Single-cell data can be affected by batch effects, which refers to differences between data sets generated at different times or by different technicians. Other factors such as reagent quality can also contribute to batch effects. Batch correction of scRNA-seq data in this paper was performed using mutual nearest neighbors, a recently used method.
In summary, Fernandez et al. reported the first comprehensive paper about immune cell heterogeneity, especially T cells, involved in human plaques as well as PBMCs using CITE-seq, a new methodology. Previous knowledge of T cell function in atherosclerosis relied on findings from experimental models. This paper gives new insights into the leukocyte infiltrate in human atherosclerotic plaque.

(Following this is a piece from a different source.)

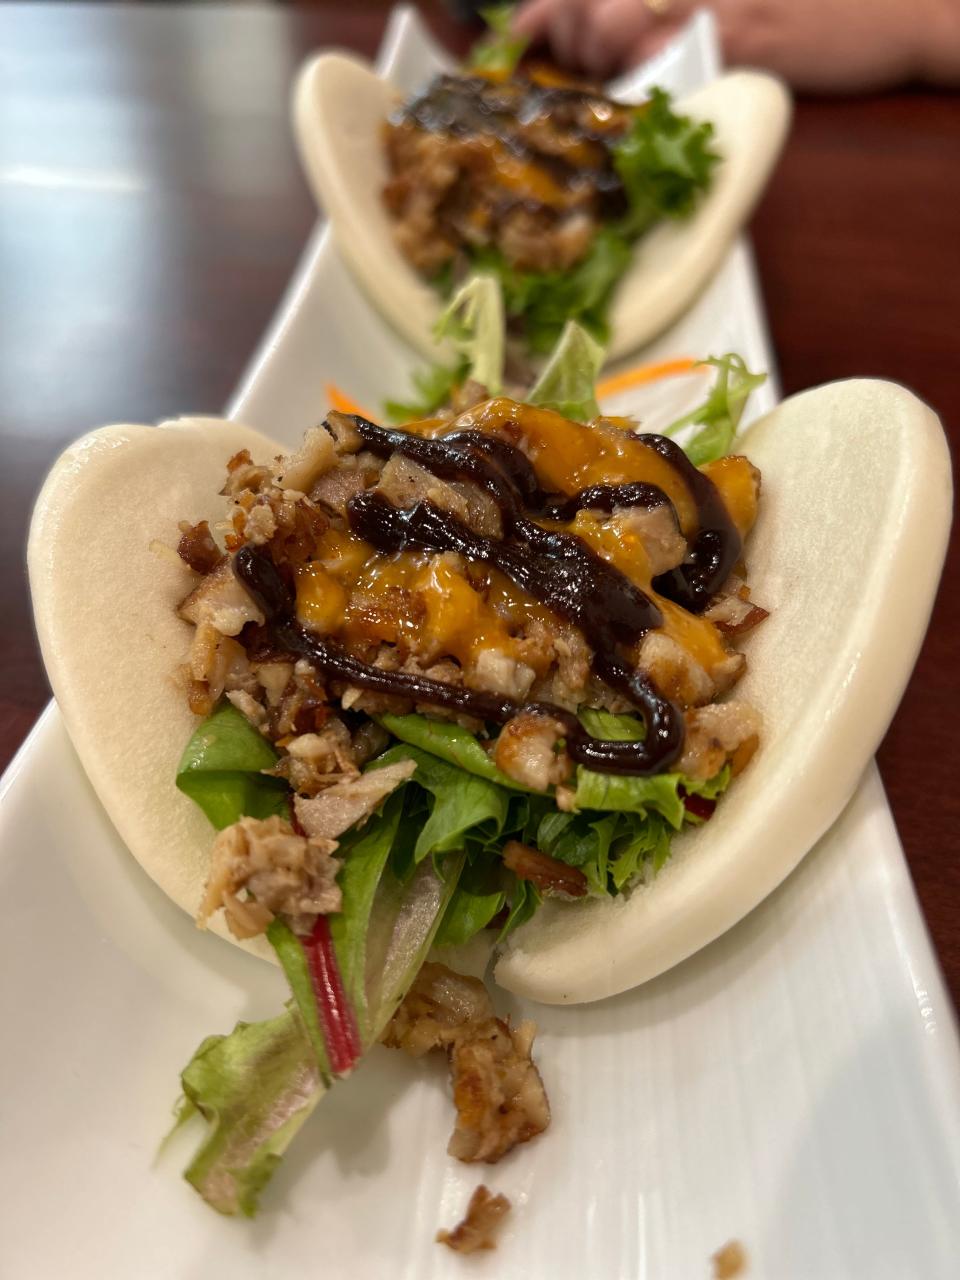 Moo shu pork belly buns are two soft bao buns with pork belly, spring mix greens and spicy mayo.

The results are relevant to medicine, because targeting immune cells and their specific cytokines can be an attractive pathway to developing new preventative and therapeutic approaches.
Nonstandard Abbreviations
scRNA-seq, single-cell RNA sequencing; PBMCs, peripheral blood mononuclear cells; CITE-Seq, Cellular Indexing of Transcriptional Epitope Sequencing; PD-1, Programmed cell death 1; CV, cerebrovascular; TCR, T cell receptor; MC, meta cluster; CCR5, C-C motif chemokine receptor 5; LDL, low density lipoprotein; ApoB, apolipoprotein B
Author Contributions
All authors confirmed they have contributed to the intellectual content of this paper and have met the following 4 requirements: (a) significant contributions to the conception and design, acquisition of data, or analysis and interpretation of data; (b) drafting or revising the article for intellectual content; (c) final approval of the published article; and (d) agreement to be accountable for all aspects of the article thus ensuring that questions related to the accuracy or integrity of any part of the article are appropriately investigated and resolved.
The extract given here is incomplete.